In fact, we are going to utilize a couple executable files to help process our video. ffmpeg is a command line tool to convert multimedia files and ffprobe is a stream analyzer. You might have these tools installed locally but we need to use static builds on Lambda. Download choices can be found here. I chose https://johnvansickle.com/ffmpeg/releases/ffmpeg-release-amd64-static.tar.xz. To unpack the compressed contents I used 7-Zip. Once unpacked we want to isolate the files ffmpeg and ffprobe, go figure.

Note that user,group and global all have read/execute permissions. I am on Windows and had a problem keeping these permissions. Lambda permissions are a little tricky, and global read is important for all files. On Windows the problem arose when I attempted the next step.

To get our executable files to Lambda we could but them into a directory with our index.js (the actual function script) then zip and upload that. There are a couple downsides to this. On Windows zipping the executable files in Windows Explorer stripped the permissions and caused errors when attempting to invoke the executable files my function. Also, every time I made a change in my script I had to re-upload a 40MB file. This is horribly slow and consumes data transfer credit. Not ideal for development and data transfer can cost 💲. The first part of the solution to this problem is to use a Lambda Layer.

Lambda Layers

A Lambda Layer can hold additional code in the form of libraries, custom runtimes or other dependencies.

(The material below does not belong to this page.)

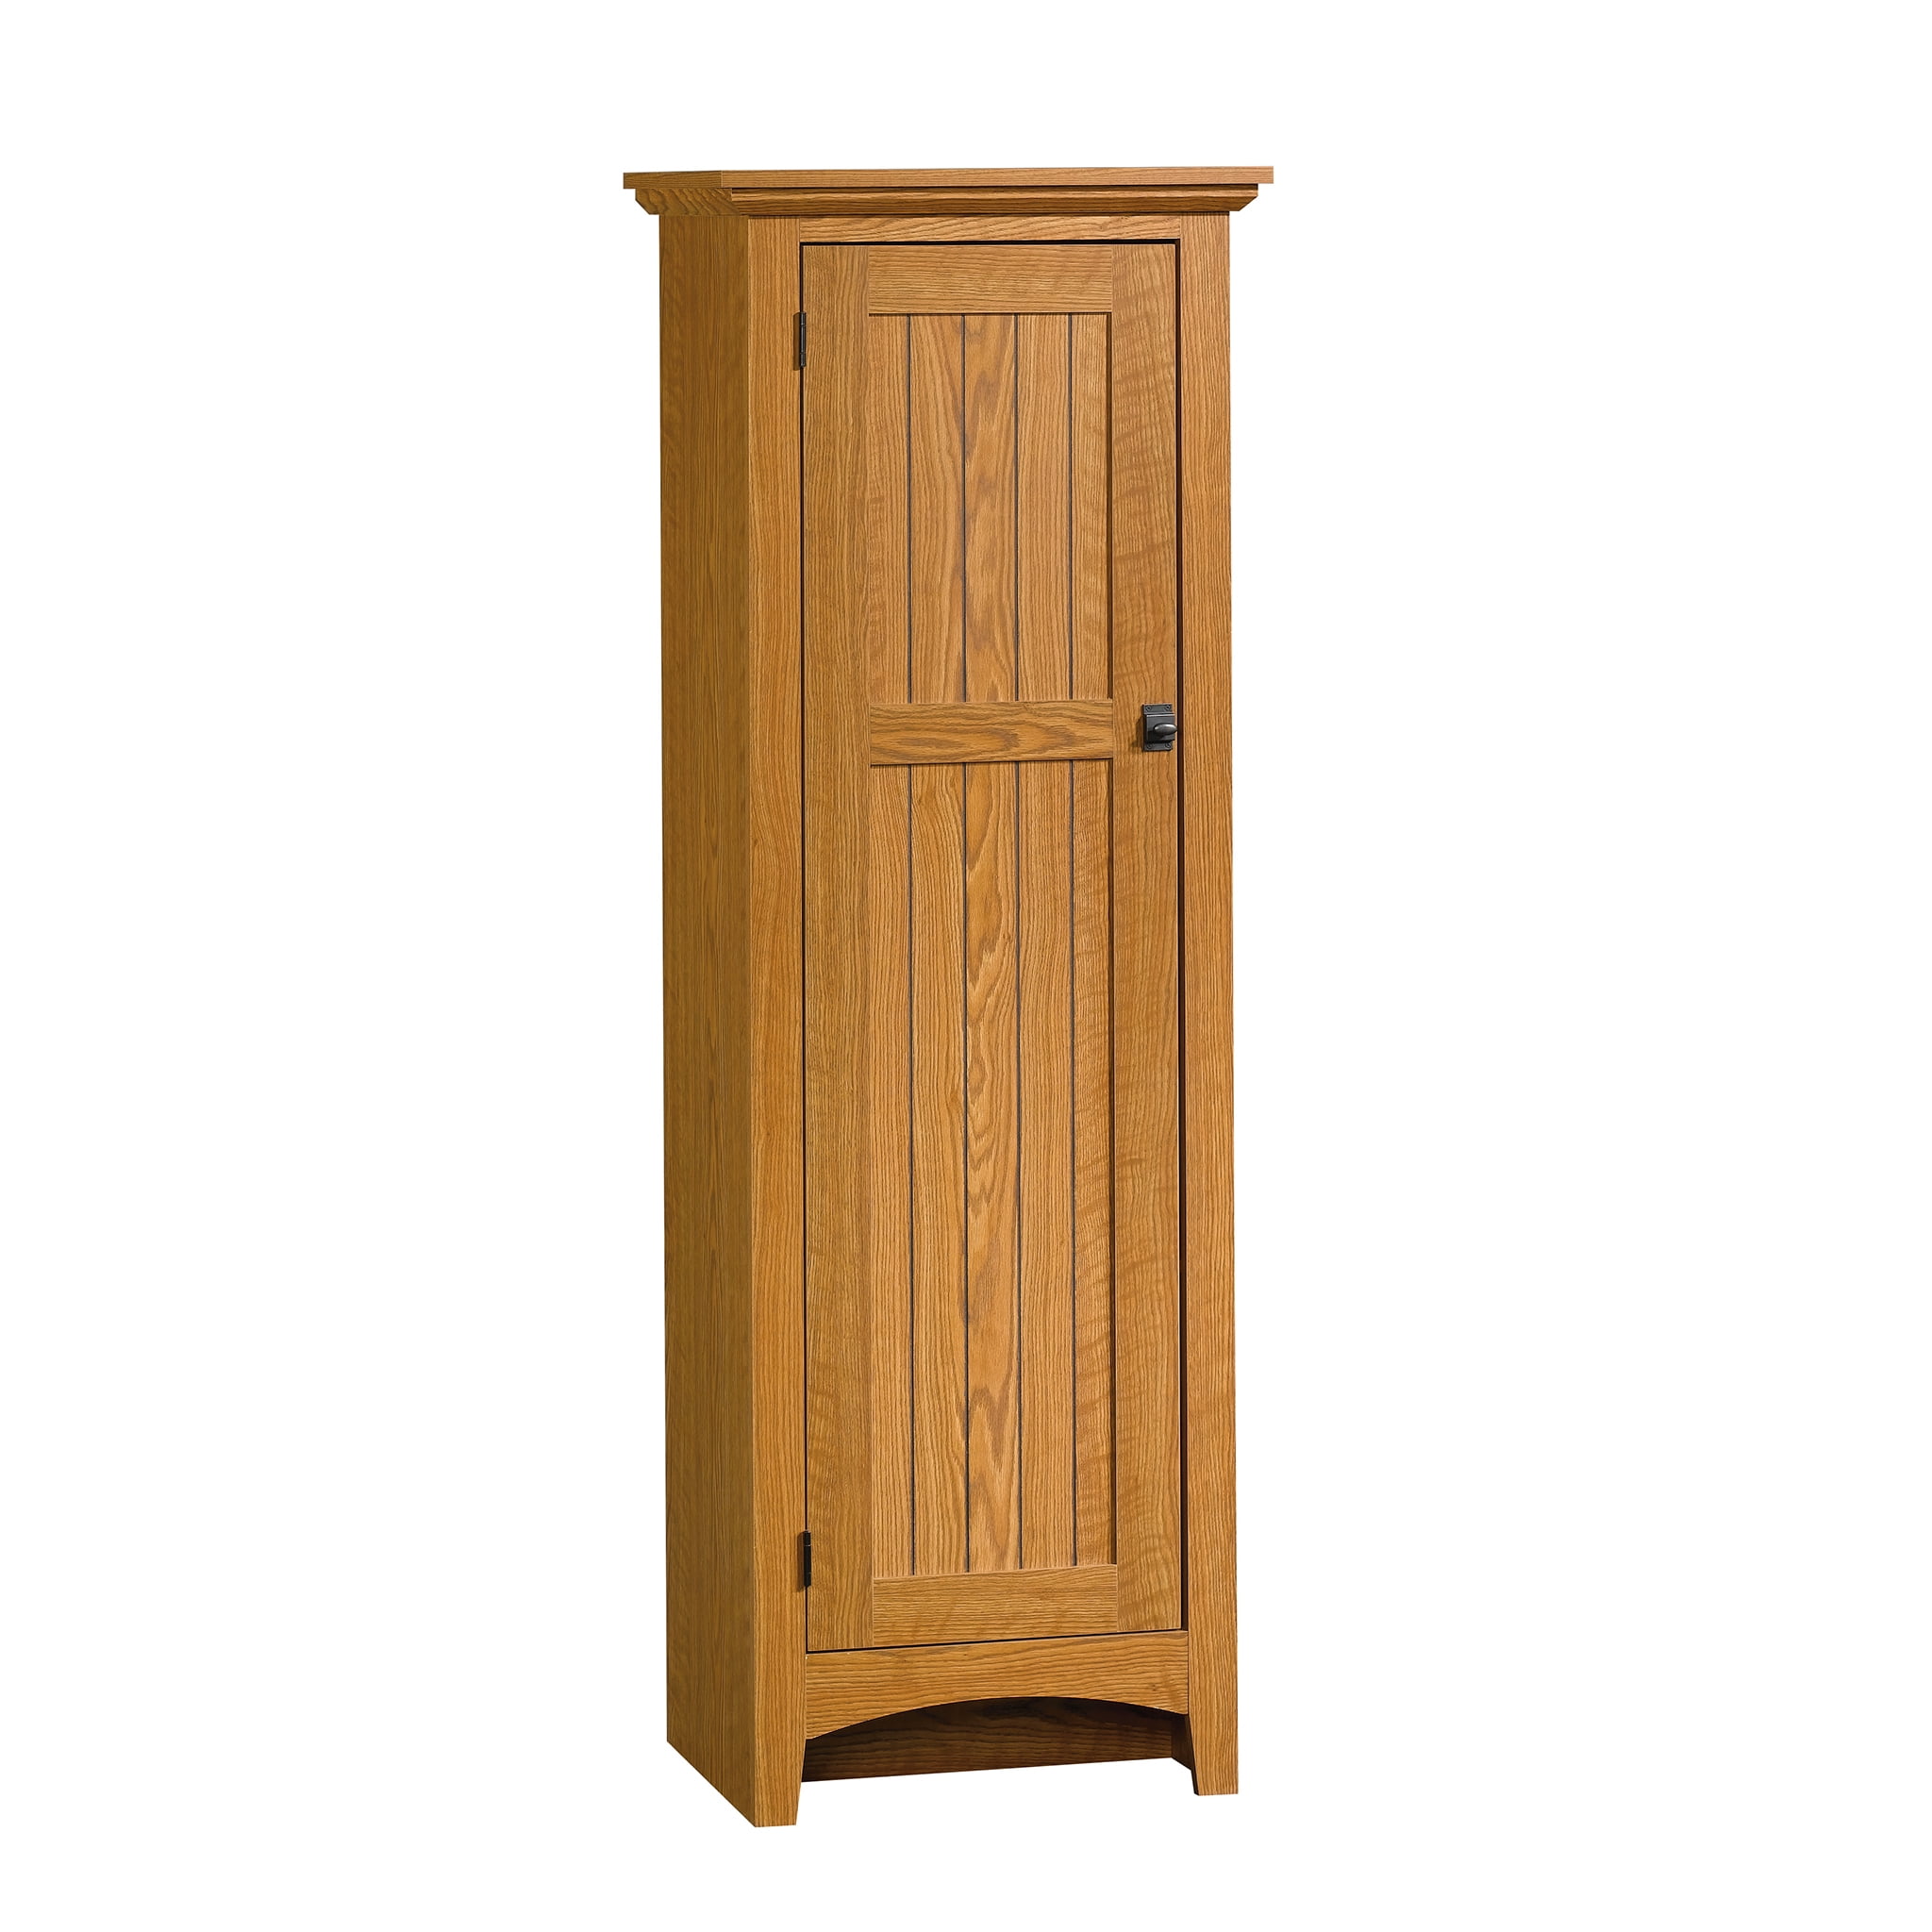 Black Kitchen Pantry Storage Cabinet Single Door Wood Organizer 5 Shelves

Once we establish a Layer it can be used in multiple functions and can be edited and saved in multiple versions. Very flexible.

First, we need to place our ffmpeg and ffprobe files into a folder called nodejs - the name is important. I ended up using Windows Subsystem for Linux and the zip command to compress the nodejs folder. This was the easiest way I found to preserve the proper permissions.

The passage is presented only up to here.